A motion under Rule 12(b)(6) “challenges the sufficiency of the complaint to state a claim upon which relief may be granted.” Hallinan v. Fraternal Order of Police of Chi. Lodge No. 7, 570 F.3d 811, 820 (7th Cir.2009). When reviewing a Rule 12(b)(6) motion to dismiss, the Court construes the complaint in the light most favorable to the nonmoving party, accepts all well-pleaded factual allegations as true, and draws all reasonable inferences in the non-movant's favor. Tamayo v. Blagojevich, 526 F.3d 1074, 1081 (7th Cir.2008). Pursuant to Rule 8(a)(2), a complaint must contain “a ‘short and plain statement of the claim showing that the pleader is entitled to relief,’ sufficient to provide the defendant with ‘fair notice’ of the claim and its basis.” Id. (quoting Fed. R. Civ. P. 8(a)(2) and Bell Atl. Corp. v. Twombly, 550 U.S. 544, 555, 127 S.Ct. 1955, 167 L.Ed.2d 929 (2007) ). “Detailed factual allegations” are not required, but the complaint “must contain sufficient factual matter, accepted as true, to ‘state a claim to relief that is plausible on its face.’ Ashcroft v. Iqbal, 556 U.S. 662, 678, 129 S.Ct. 1937, 173 L.Ed.2d 868 (2009) (quoting Twombly, 550 U.S. at 570, 127 S.Ct. 1955 ). Plausibility in this context does not imply that a court “should decide whose version to believe, or which version is more likely than not.” Swanson v. Citibank, N.A., 614 F.3d 400, 404 (7th Cir.2010). Rather, to survive a motion to dismiss under Rule 12(b)(6), “the plaintiff must give enough details about the subject-matter of the case to present a story that holds together. In other words, the court will ask itself could these things have happened, not did they happen.” Id.

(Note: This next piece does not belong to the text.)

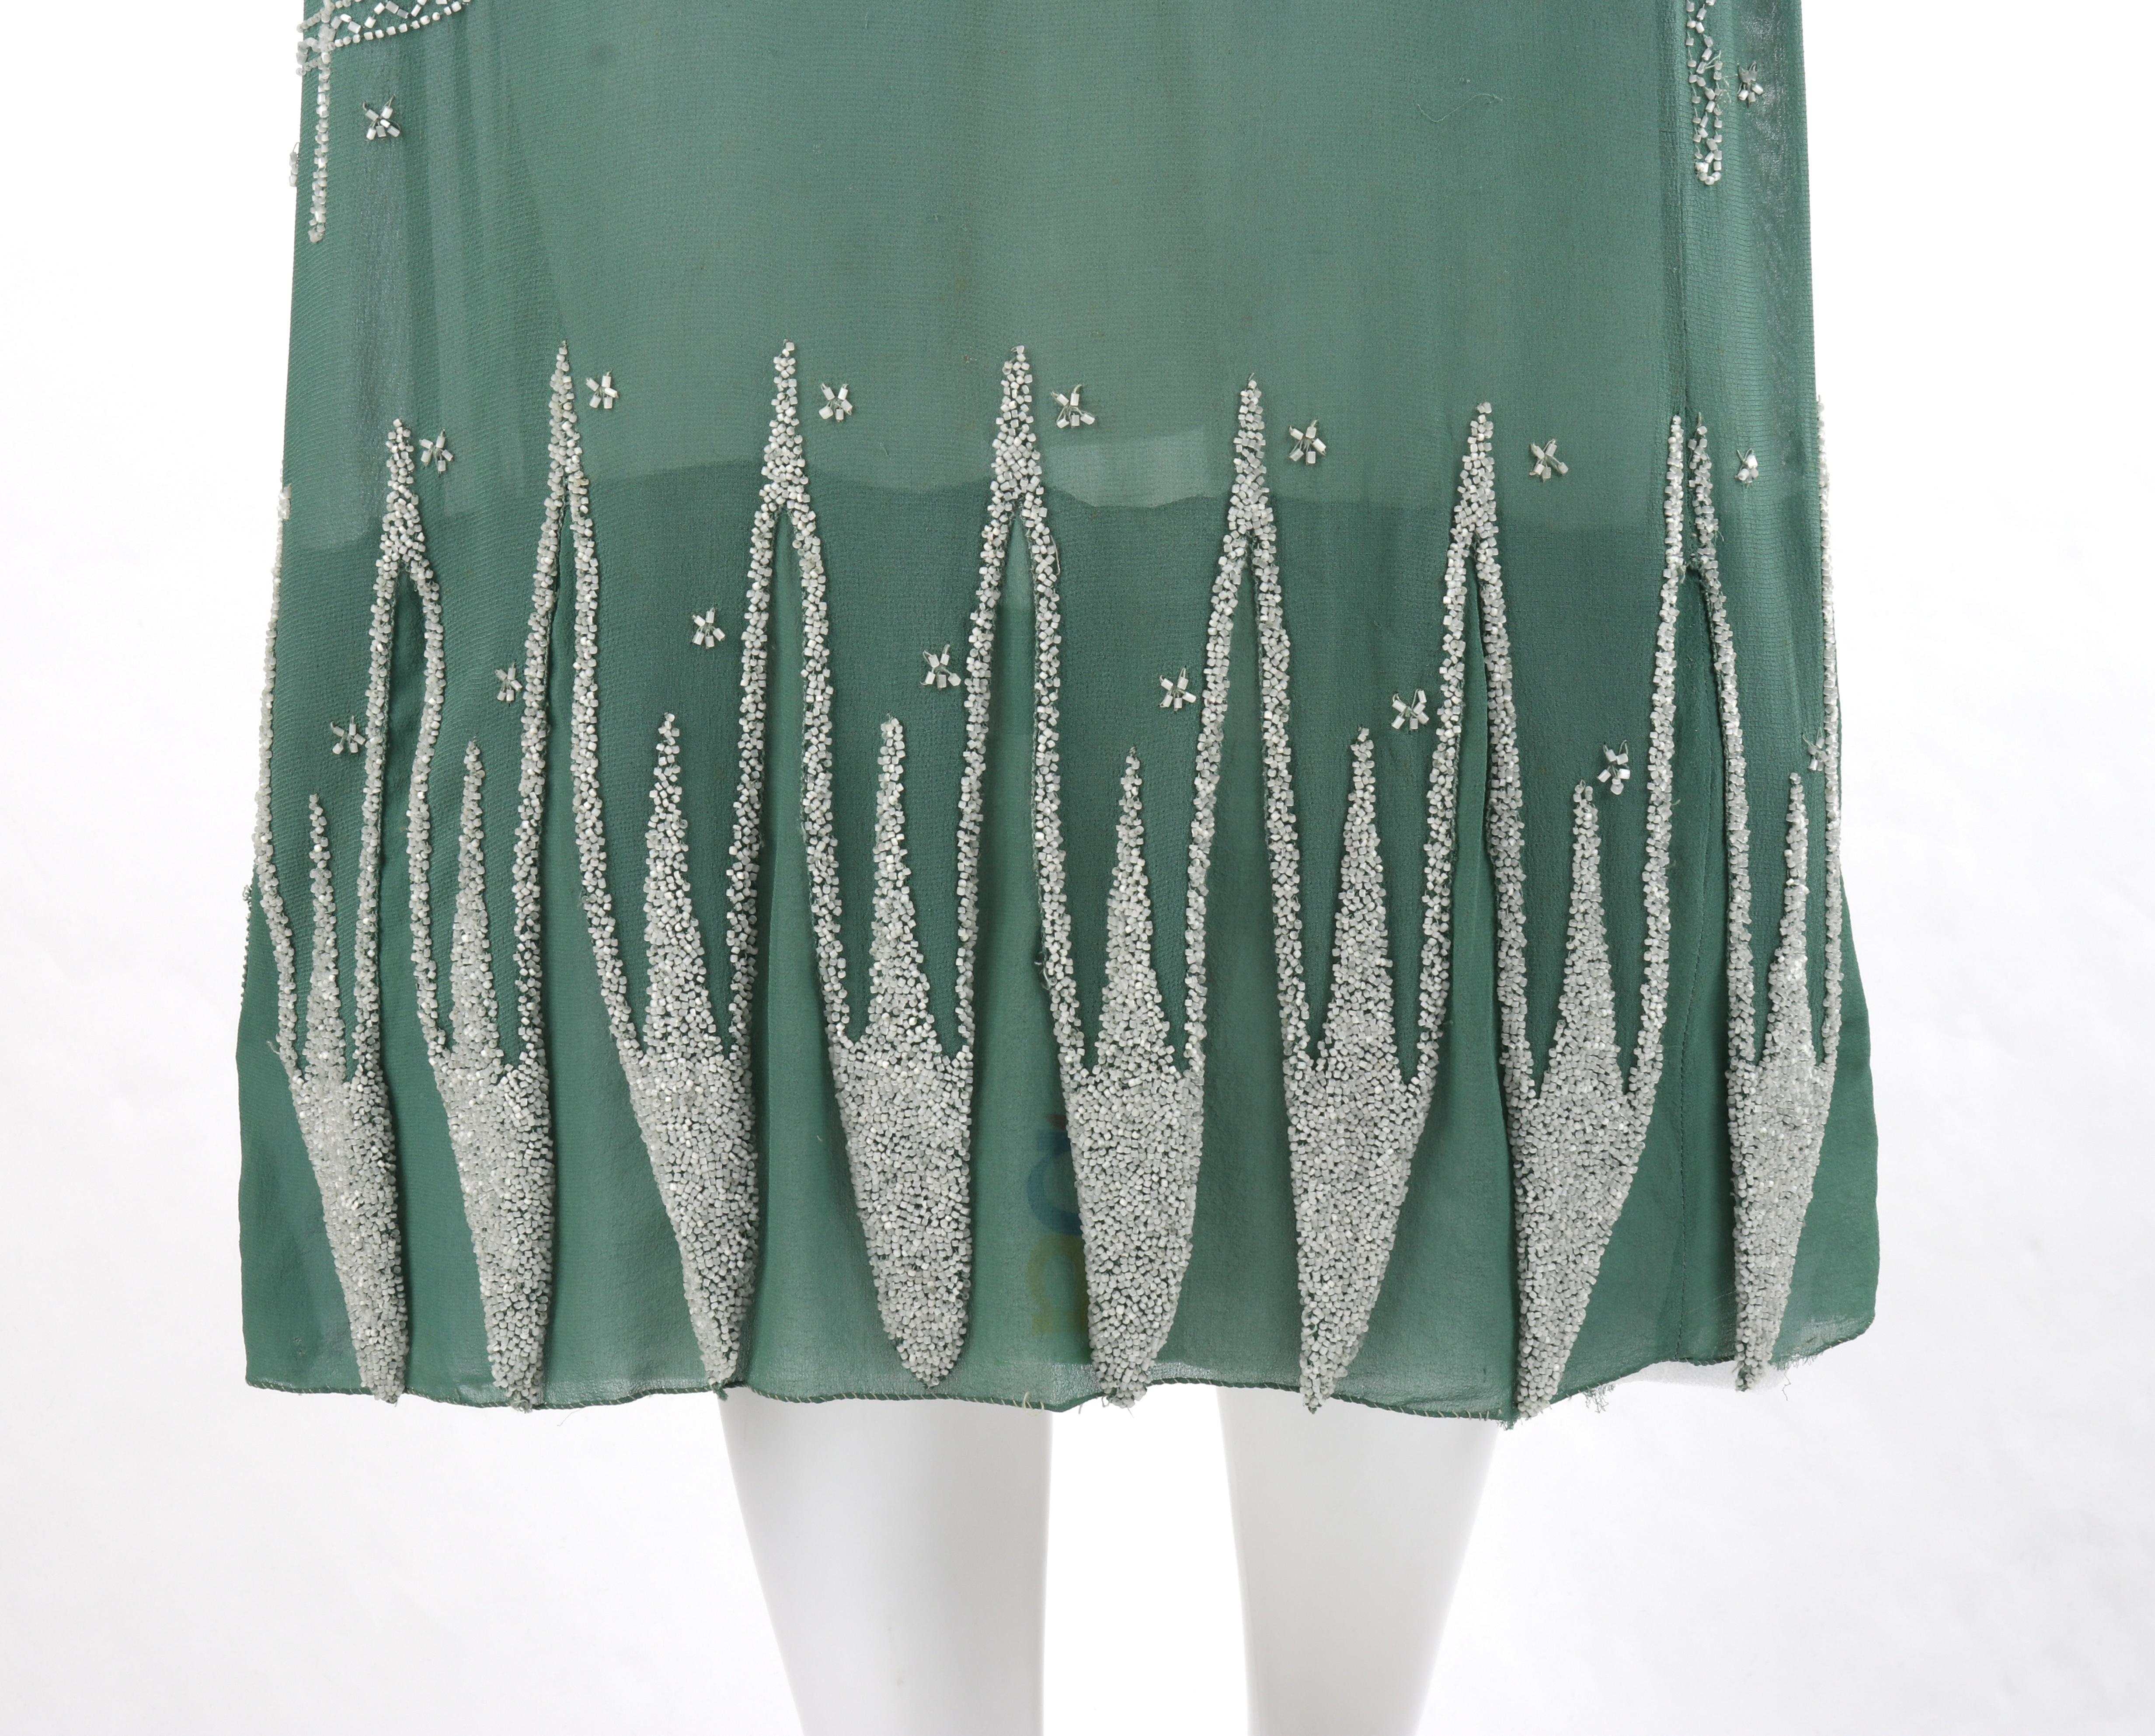 MADELEINE VIONNET c.1924 “Little Horses” Soft Green Glass Beaded Flapper Dress For Sale 2

A document that is attached to a pleading “is a part of the pleading for all purposes.” Fed. R. Civ. P. 10(c). Thus, when ruling on a Rule 12(b)(6) motion to dismiss, a court must “consider documents attached to the complaint as part of the complaint itself.” Reger Dev., LLC v. Nat'l City Bank, 592 F.3d 759, 764 (7th Cir.2010) (citing Int'l Mktg., Ltd. v. Archer–Daniels–Midland Co., 192 F.3d 724, 729 (7th Cir.1999) ). “Such documents may permit the court to determine that the plaintiff is not entitled to judgment” in his favor. Id. (citing Hecker v. Deere & Co., 556 F.3d 575, 588 (7th Cir.2009) ).

ANALYSIS
I. Jurisdiction and applicable law

BOA avers that this Court has diversity jurisdiction pursuant to 28 U.S.C. § 1332, (R. 1, Compl. ¶ 7), which requires diversity of citizenship and an amount in controversy that exceeds $75,000. BOA is a Delaware corporation with its principal place of business located in North Carolina, (id. ¶ 1); OTP is a California corporation with its principal place of business located in California, (id. ¶ 4). The amount in controversy, for purposes of satisfying the jurisdictional requirement, must be “exclusive of interest and costs.” 28 U.S.C. 1332(a). When attorneys' fees that have already been incurred are sought as part of the underlying claim, however, they are properly considered as part of the amount in controversy. Mo. State Life Ins. Co. v. Jones, 290 U.S. 199, 202, 54 S.Ct. 133, 78 L.Ed. 267 (1933). Here, BOA asserts a contractual right to attorneys' fees that it incurred before filing the instant suit. Thus, the attorneys' fees BOA seeks reimbursement for in this action—which exceed $75,000.00—are properly considered as part of the amount in controversy, and this Court has subject matter jurisdiction to decide this case on the merits.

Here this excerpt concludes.